1. d4            Nf6
2. Nf3          g6
3. c4            Bg7
4. Nc3         d6
GM Smirin is a legendary expert in the King's Indian Defense and has written a best selling book on this very opening!

5. e4            O-O
6. Be2         Nbd7
Smirin goes for a side line. The main line is 6. ...e5  7. O-O, Nc6 8. d5, Ne7

7. O-O         a5
8. Be3         h6?!
Not normal and not the best. Smirin may not have been eager to see how well his young opponent is prepared for his pet line. Never the less, Smirin is very well aware he is making a risky decision.  The move prevents an intrusion to g5, but it doesn't help Black's cramped position. 8. ....Qe7 was best. Will Checa see that? White has a lead of one pawn (+1).

9. dxe5        dxe5
Position after Black's 9th move.

This move by Black is forced or Smirin is in deep trouble. The other capture 9. ....Nxe5? 10. Nxe5, dxe5 11. Qc1!

10. h3?!          c6?
This move by White prevents ....Ng4 but it was a serious waste of time that should have cost him his advantage. But Black plays the wrong queen-side pawn forward. Correct was 10. ....b6 to free the bishop. The text move doesn't help Black's position. White's lead grows to (+1.6).

11. Qc1        Kh7
12. Rd1       Qe7
13. c5!         Nh5
14. Rd6?      Nf4?!
15. Bc4       Nf6
16. Bxf4      exf4
17. Qxf4      Nd7
18. Qe3       b6?

This is definitely a serious mistake by Smirin, which returns White's advantage to close to (+2).

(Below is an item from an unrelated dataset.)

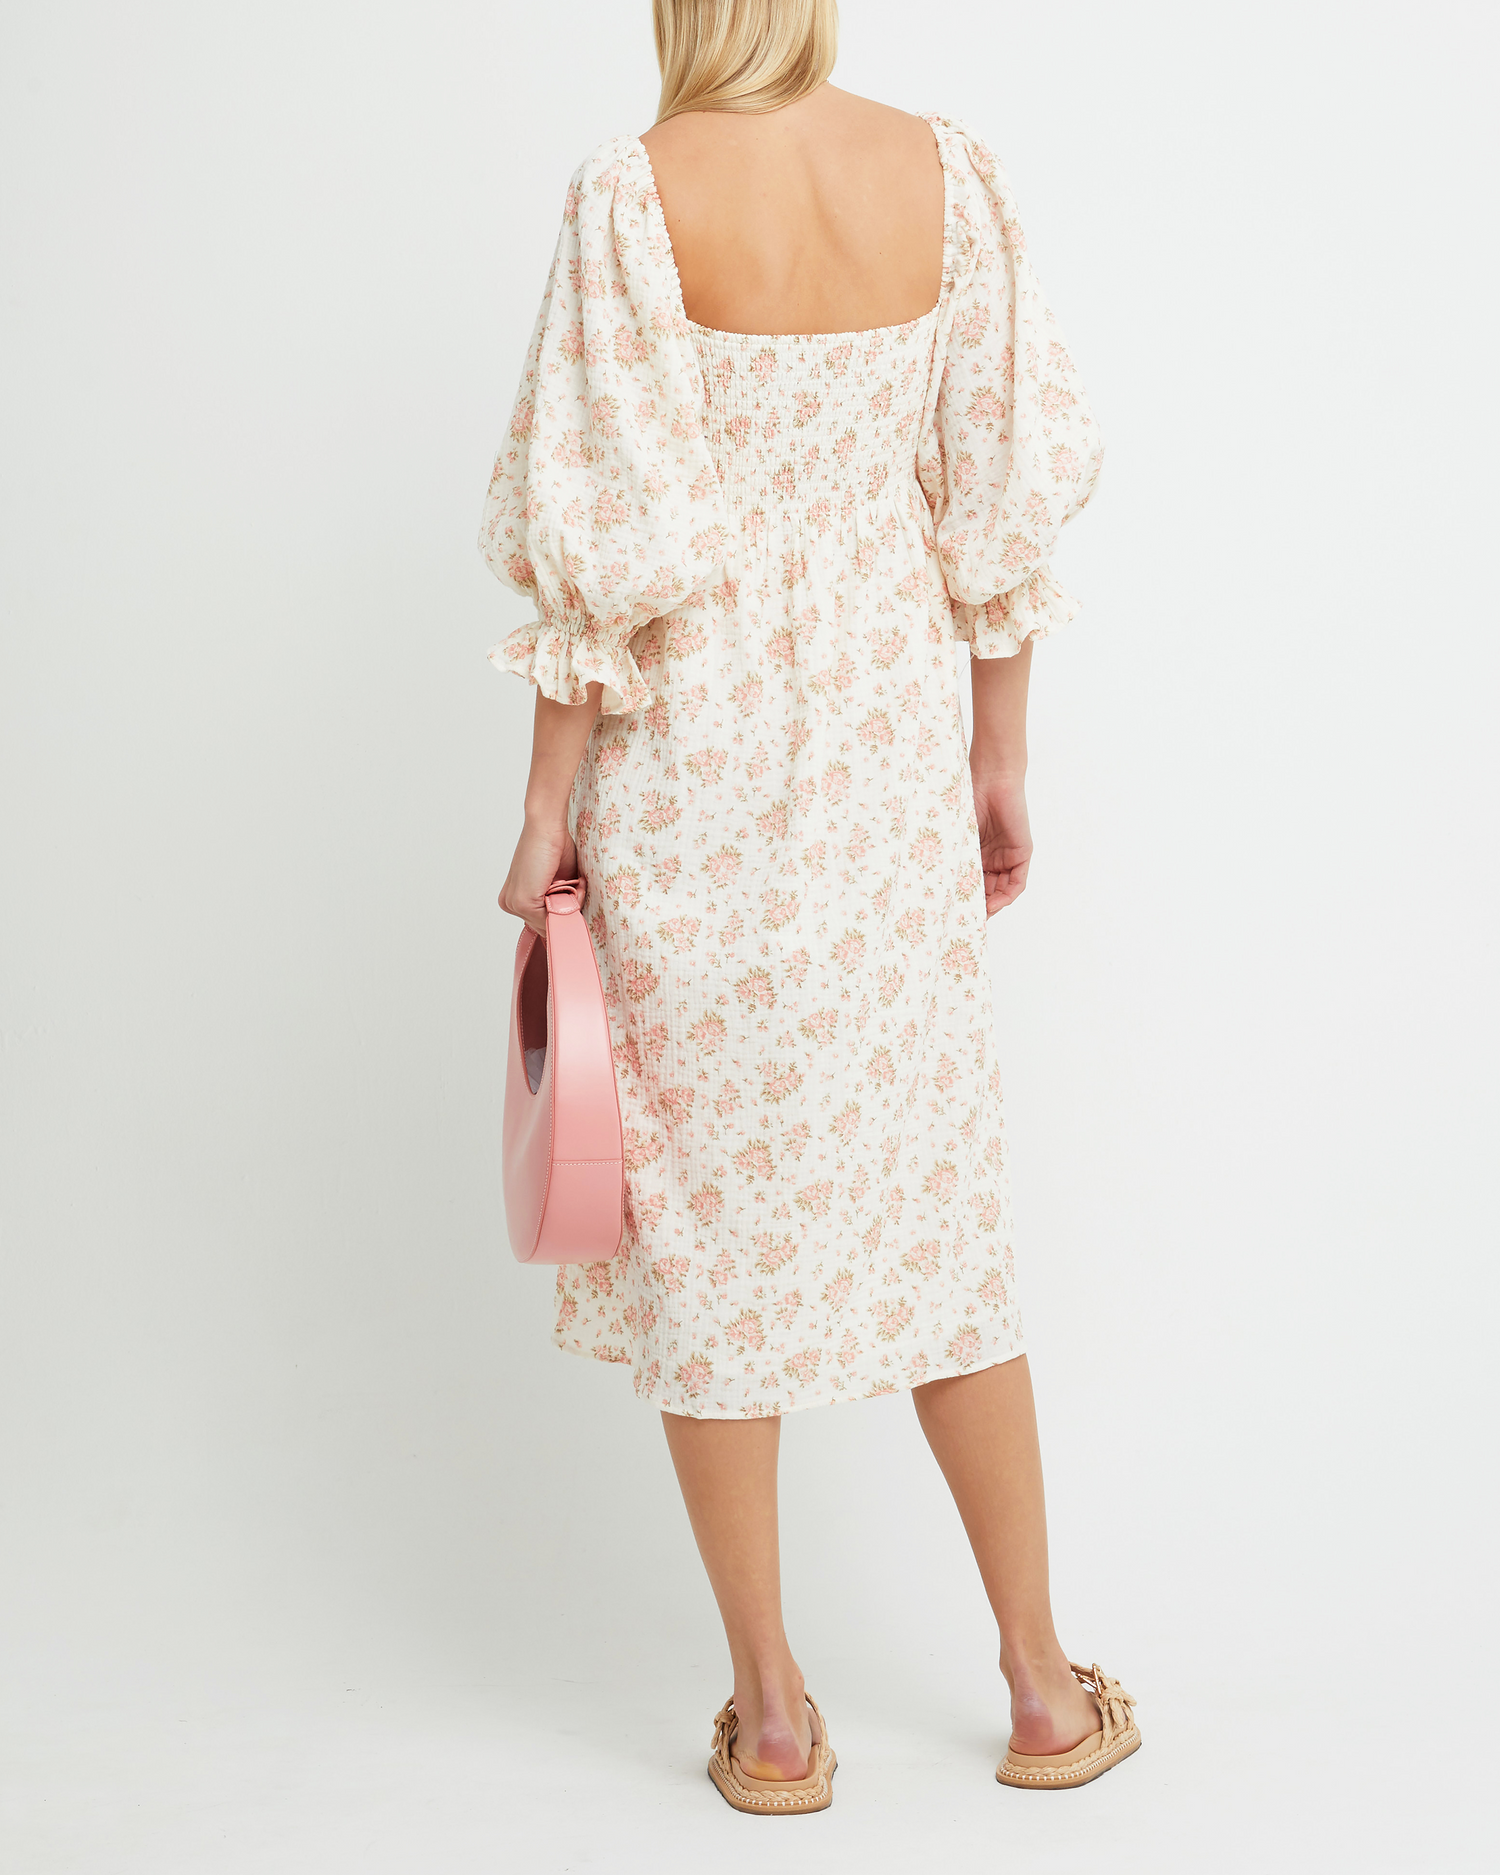 Second image of Athena Dress, a pink midi dress, off shoulder, long sleeve, puff sleeves, smocked
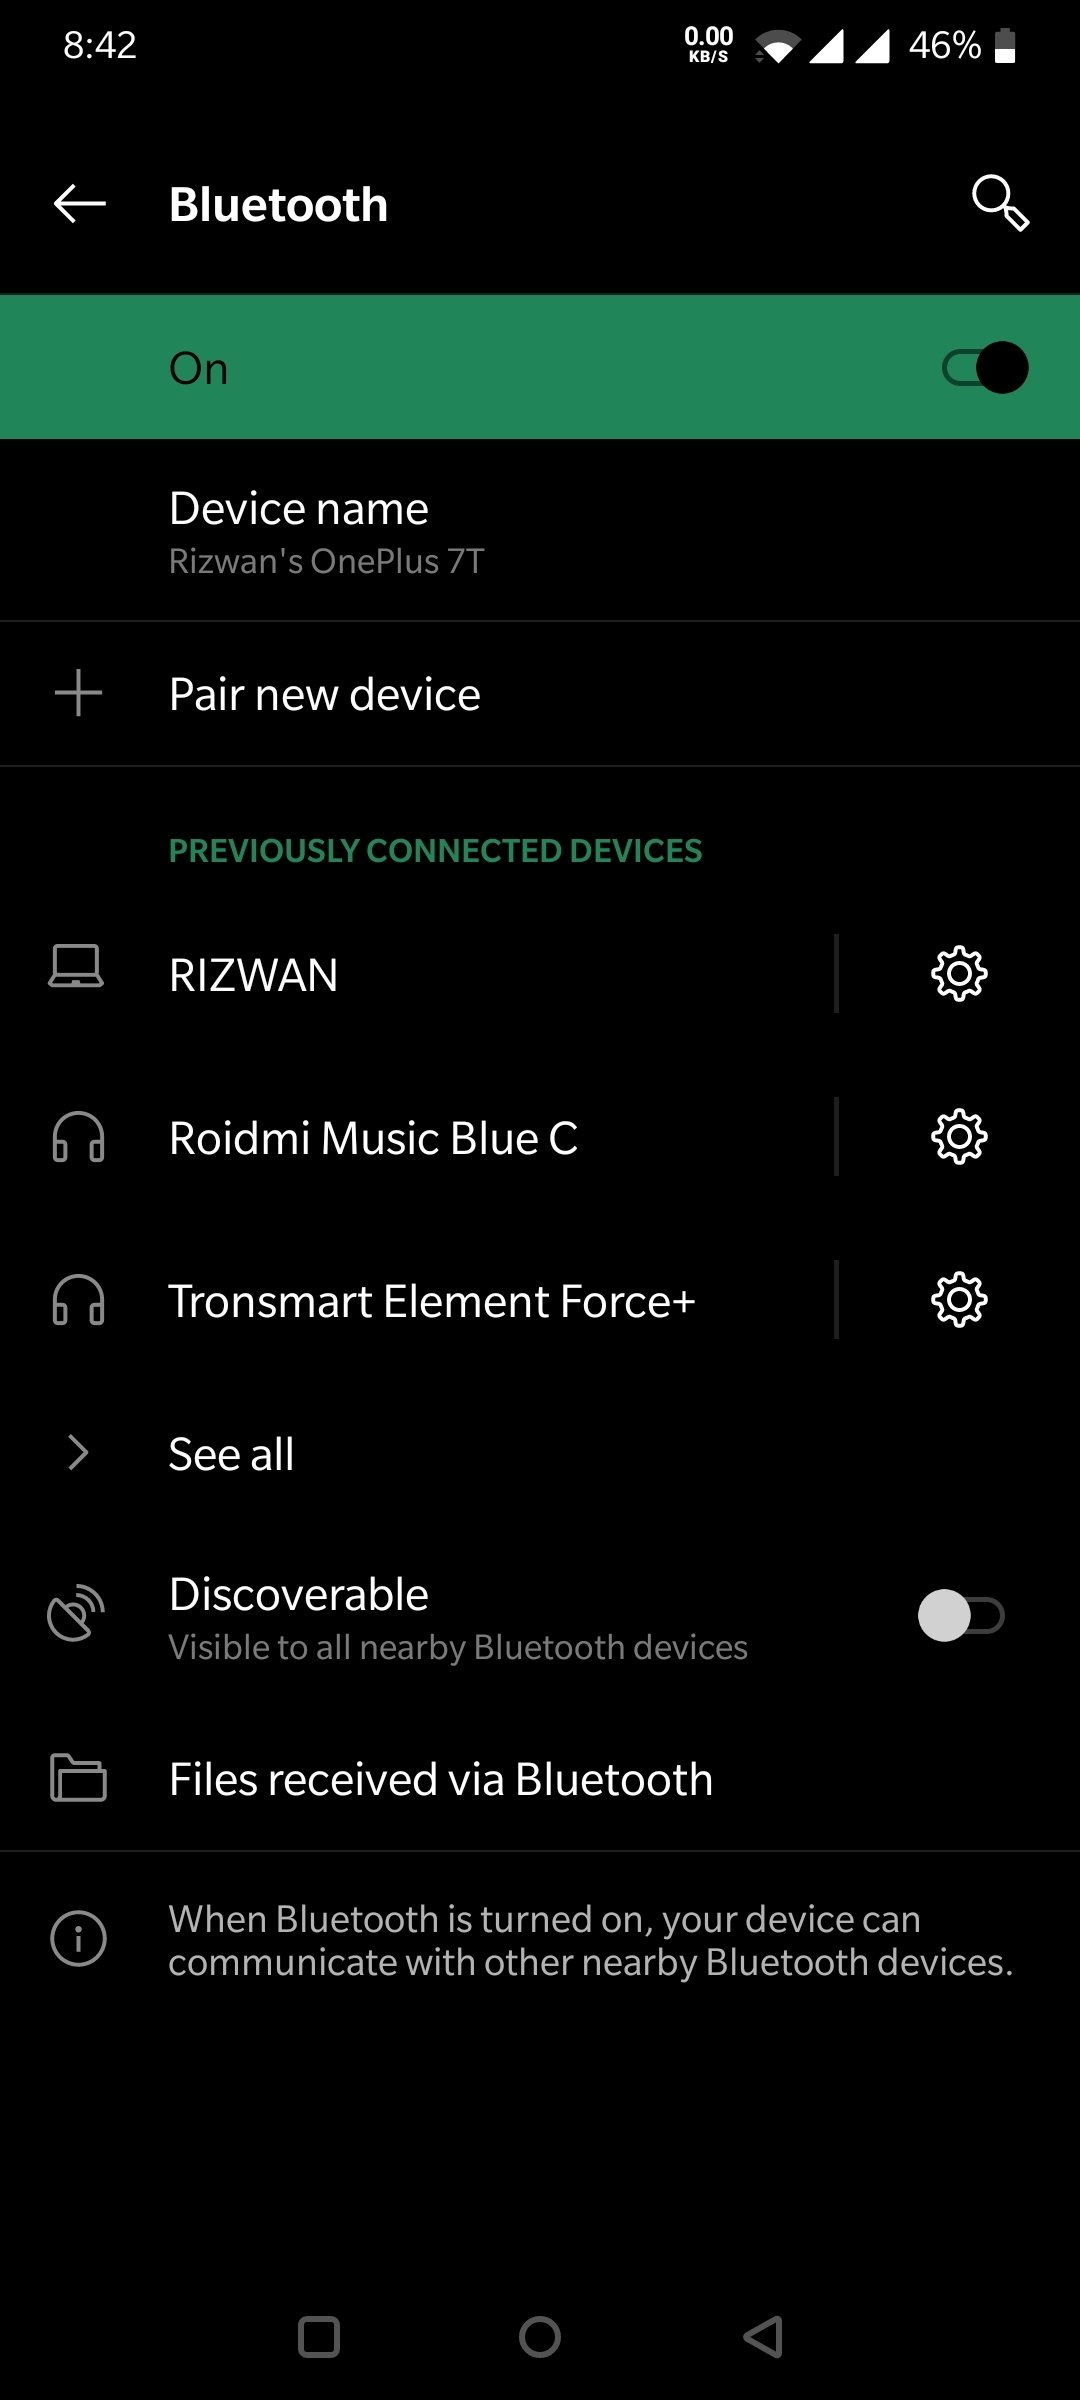 How to manage Bluetooth settings on Android 10

Necessary was 18. ....Ne5 to hold the game.

19. Rad1     Nxc5
There was nothing wrong with White playing 19. Rxc6, Bxc3 20. e5 and White is a healthy pawn up.

20. e5          Qc7
21. Ne4       Nxe4
22. Qxe4     Bf5?
The game is just over now. White has a (+2.5) lead, which is nuclear in the hands of a chess master. Smirin needed to play 22. .....Qe7.

23. Qh4!      Rae8
24. e6!         fxe6??
Panic in a lost position. White's advantage is now (+8.5).

25. Rd7       Qc8
Position after Black's 25th move

 The final blow is next in the form of a deflection of Black's queen.

26. Ba6!      Qxa6
27. Ng5+      Resigns

In lieu of
27. ......        Kh8
28. Rxg7!    Kxg7
29. Rd7+     Kf6
30. Nh7+     Ke5
31. Qd4 ++

A memorable game early in the career of this emerging American prodigy. It is not everyday a player of Smirin's caliber loses a game like this.